A crise sanitária provocou adoecimento, hospitalização ou morte de pessoas próximas. As medidas de isolamento social provocaram perda de renda e emprego, e a restrição de acesso a espaços seguros, como escolas.
O fechamento de escolas interferiu na rotina e nas relações interpessoais dos estudantes, que também vivenciaram o aprofundamento do estresse em casa. “O aumento do tempo de permanência e de contato dentro do lar pode favorecer as tensões e os conflitos e, até mesmo, episódios de violência. Isso implica no aumento de casos de violência intrafamiliar, geralmente dirigida às mulheres e aos filhos”, conta Juliana.

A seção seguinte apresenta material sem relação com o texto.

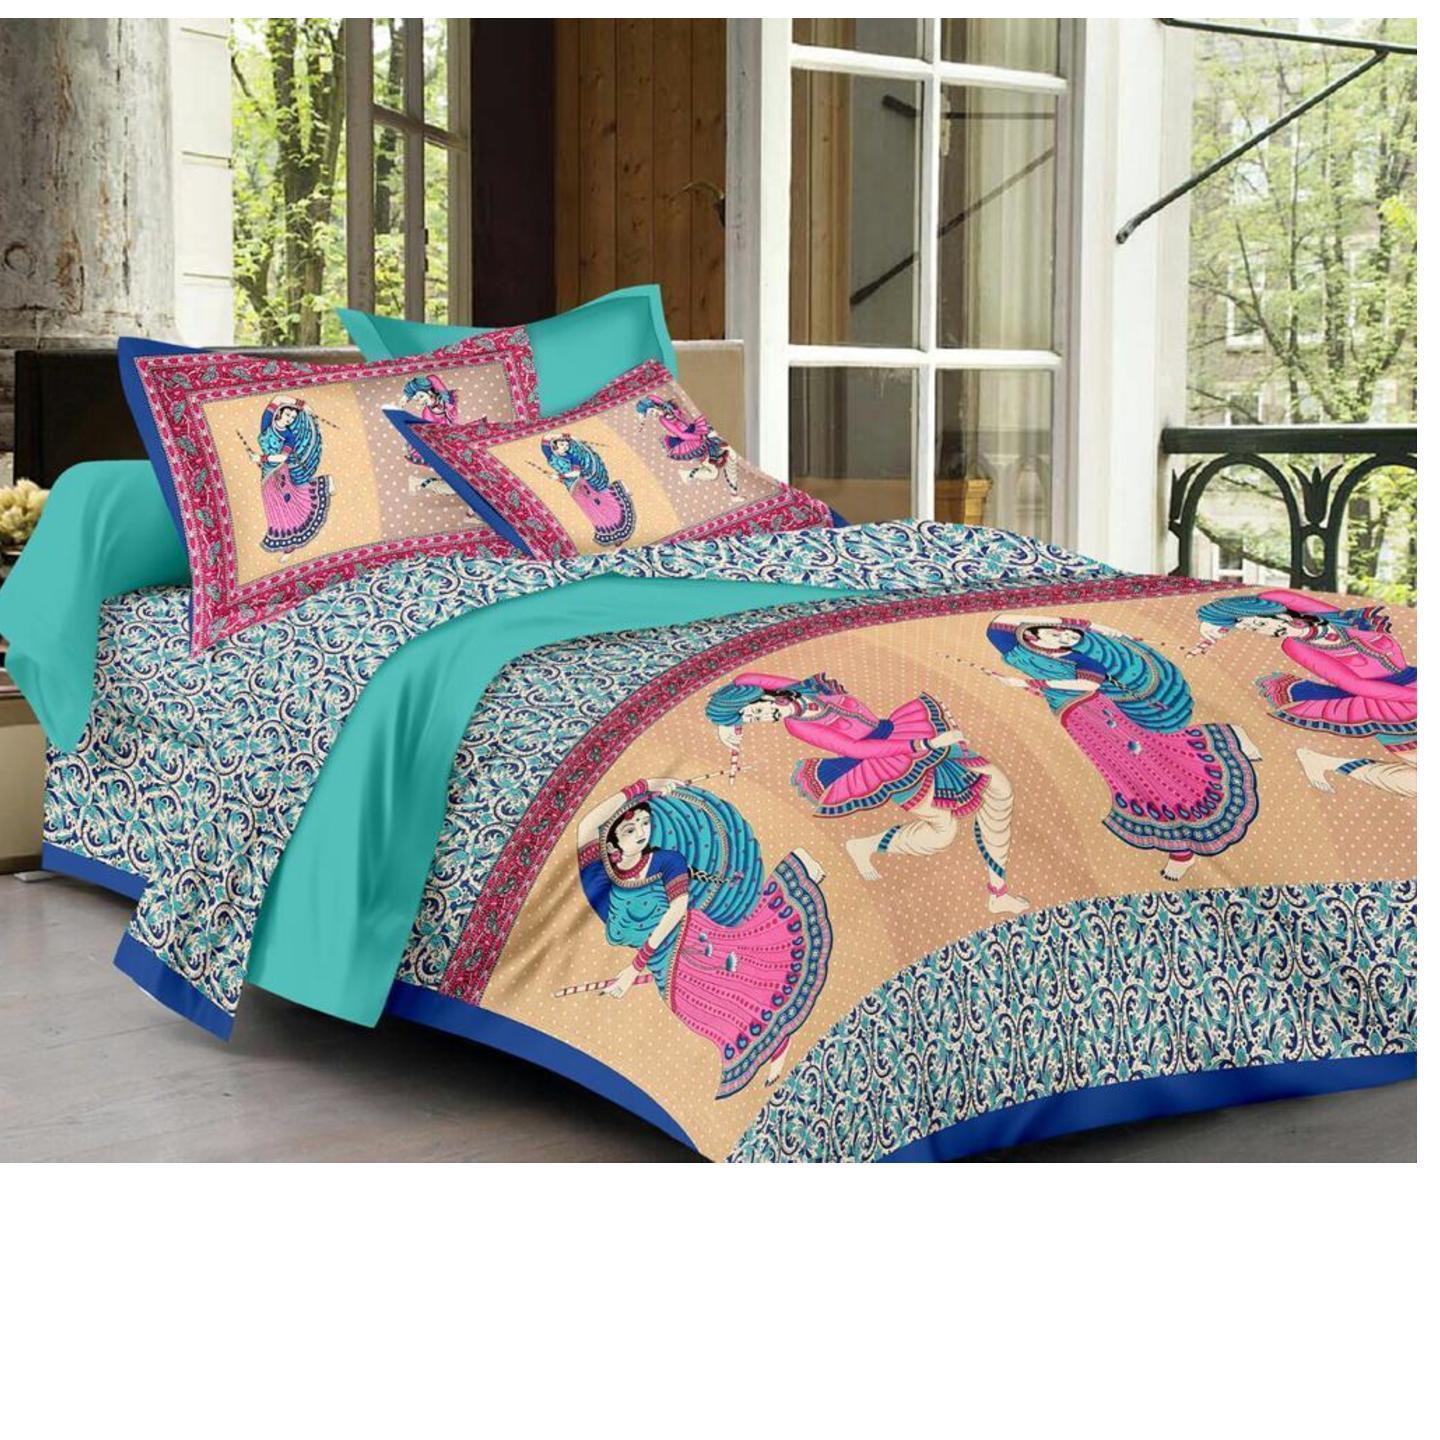 Handtex Home Cotton Floral Rajasthani Jaipuri Traditional Printed Double Bed Bedsheet with 2 Pillow Covers

As estatísticas apontam nessa direção. Na comparação de abril deste ano com o mesmo período de 2019, o número de denúncias de violência contra a mulher cresceu 35%, de acordo com o Ministério Público do Estado Rio de Janeiro.
Os jovens tiveram dificuldades no ensino remoto, tanto pela falta de acesso à tecnologia quanto pela dificuldade dos responsáveis no apoio ao processo de aprendizagem. Segundo Juliana Tibau, tais fatores contribuem para o aumento da evasão escolar.
Considerando esses desafios, os psicólogos do Luta pela Paz colocaram em prática os Diários da Quarentena para ajudar adolescentes e jovens que sofrem com graus leves ou médios de ansiedade. A metodologia é baseada no registro cotidiano de emoções, sentimentos, pensamentos, vontades e atitudes os quais, às vezes, não temos coragem de expor para outras pessoas, seja por medo, vergonha, desconhecimento ou confusão.
A organização ainda realizou cerca de 300 visitas domiciliares e ofereceu espaços online seguros de apoio psicossocial a mais de 600 crianças, adolescentes e jovens.
É importante destacar a participação de cerca de 30 jovens mobilizadores, que atuaram como agentes promotores da saúde mental produzindo e disseminando conteúdos sobre a temática. Mais do que ações que tragam apoio efetivo para amenizar essas questões, fica a lição de que cuidar do bem-estar envolve muitos outros fatores.
“A saúde mental perpassa a questão da saúde, que não é só ter remédio, mas também ter acesso ao mercado de trabalho, a vínculos familiares consolidados, saneamento básico, direito à escola, direito à comida, direito inclusive a internet. O fortalecimento desta rede foi fundamental”, disse Stallone Abrantes, psicólogo do Luta pela Paz, ao FavelaPod.